Granting a patent involves three important criteria – novelty or inventive step, non-obviousness and utility. Also, the inventor is expected to enable the invention so as not to simply apply to be granted a patent for an idea alone. It is quite sensible that patents are not granted for abstract ideas, but it has been a matter of serious debate, and thereafter commercial exploitation in the terms of exclusive rights to patent holder, in the United States and for the last 15 years or so, the American courts have tilted heavily in favour of granting a patent for software if it involves a practical application.
With this rationale, a large number of patents have been granted in the US for software, and also business methods, primarily owned by large multinational corporations. Indian patent regime is not that liberal. In the recent past, the computer technology, as well as the mobile phone business, has seen excessive usage of patents held by different companies, which often compete with each other. Cross-licensing of patents is the new norm in the business and it is almost impossible to think of a new product like a smart-phone or a tablet which any company can manufacture on the basis of the patents owned by the company alone. Even as the company tries to do that, the final product would not be equipped with a large number of standard features which any ordinary product in that category comes loaded with, and in likelihood, will be ignored by buyers.

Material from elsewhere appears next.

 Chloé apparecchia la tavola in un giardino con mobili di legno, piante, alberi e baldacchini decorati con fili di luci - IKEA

In this context, an Australian company – Alice Corporation – holding a software patent, is fighting a bitter legal battle with an American bank – CLS Bank – for the last six years, which may possibly come to an end this year with a judicial pronouncement by the American Supreme Court. The entire world is watching with great hope that the Supreme Court will finally clear the air regarding software patents in the United States, which surely will go a long way in providing some sort of understanding and direction to a large number of companies doing software business or other related businesses throughout the world.
The issue is simply interpreting again the black-letter patent law as to what things can be patented in the United States and what cannot be patented. In case the Supreme Court decides in favour of software patenting and maintains the status quo, business will continue as usual and large companies with deep pockets, in all probability, will continue getting mathematical algorithms patented by coming up with certain clever though extraneous practical application and using the services of highly specialised patent attorneys to somehow get a foot into the door of patentable subject matter. It will, however, give a new lease of life to what a good number of experts call as stifling innovation rather than encouraging small inventors and innovators, defeating the very purpose of the patent law.

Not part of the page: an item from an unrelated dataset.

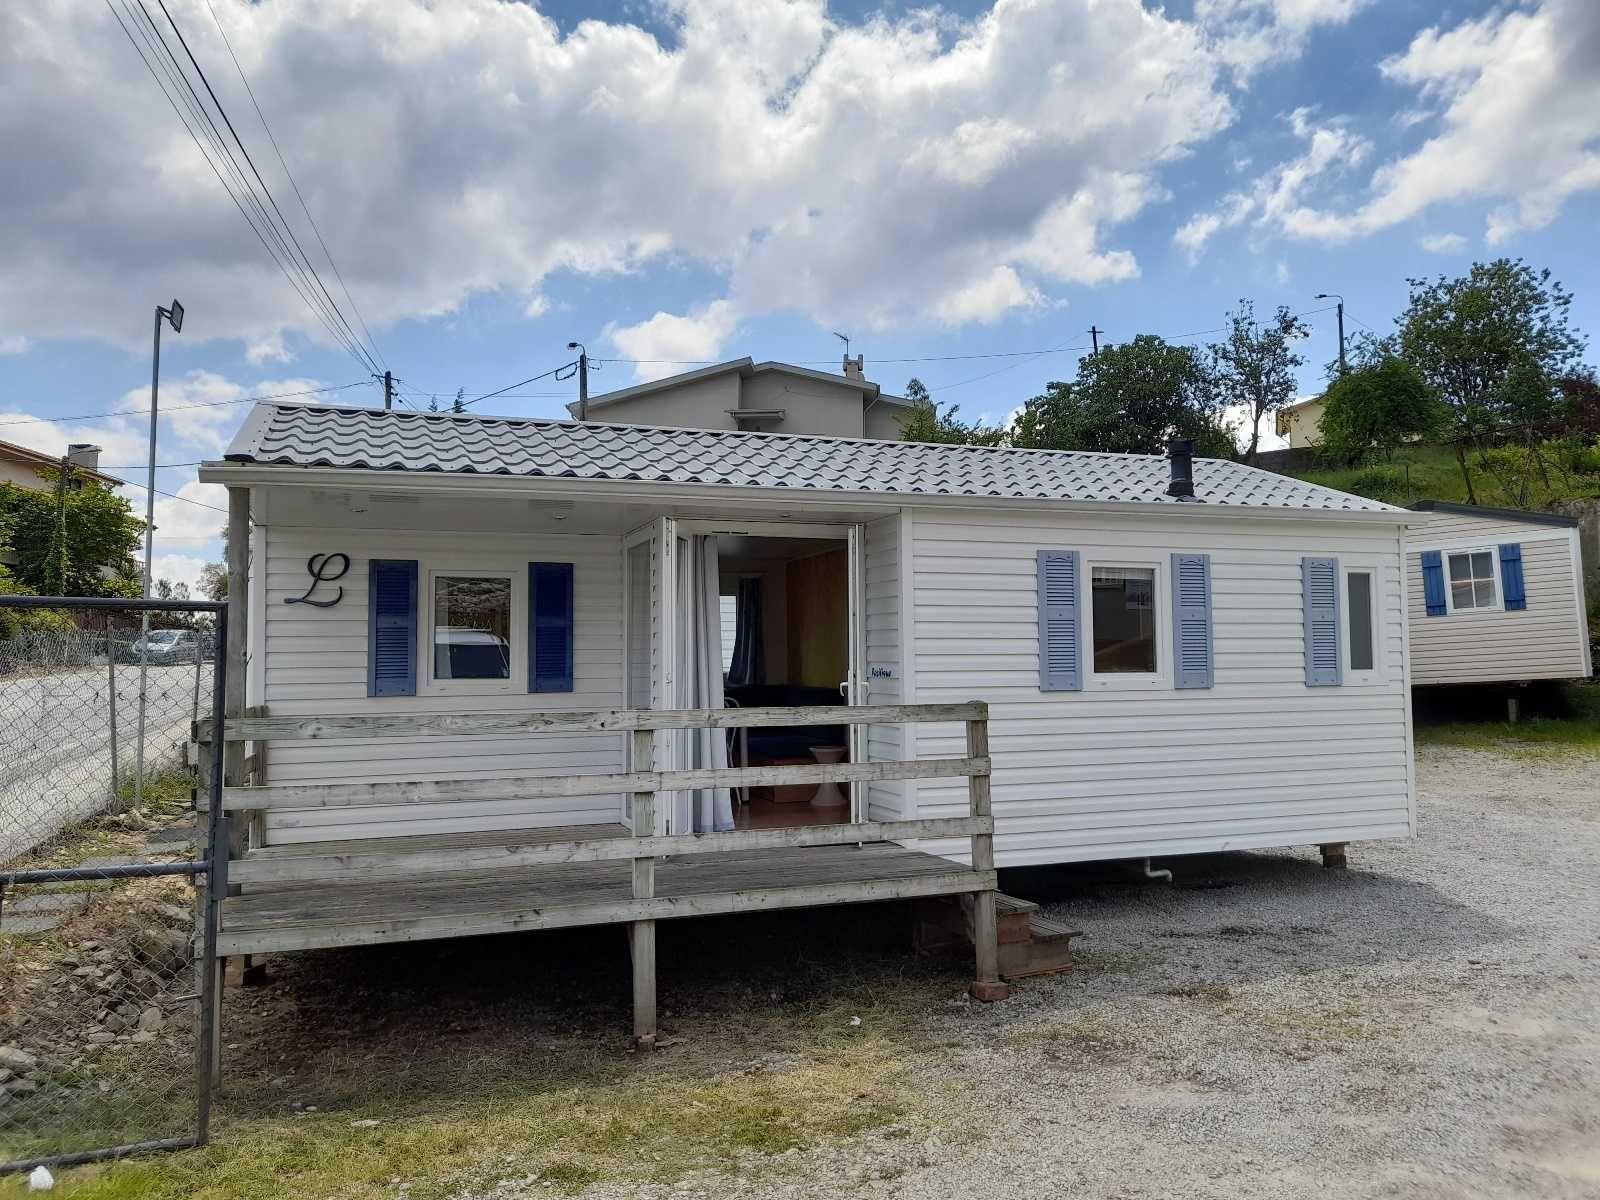 Casa Móvel / Mobile Home Nº 1006 LOISIANE PACIFIQUE T2 8x4m

In case the Supreme Court decides against software patenting, it would sound the death knell of enormous business all over the world. New rules of the game will be written as a lot of intellectual property owned by different companies would simply become zero in value. Experts and commentators who opine that American patent regime has in the last couple of years surely swung to the wrong extreme of the pendulum with the grant of ridiculous patents being exhibited very commonly would undoubtedly be very pleased. No tears should be shed.
What are the implications for India? Software companies in India depend very heavily on business from the United States and such a major decision from the United States Supreme Court is surely going to change the business landscape, making it necessary to come up with new strategies and align business strategy with legal strategy. Whatever the decision, it would not be possible for Indian businesses to ignore it. It’s going to be one of the good opportunities for the Supreme Court to clear the air and not to give confused message as was sent in the Bilski case in 2010 regarding business method patents.
Clarity and predictability are expected.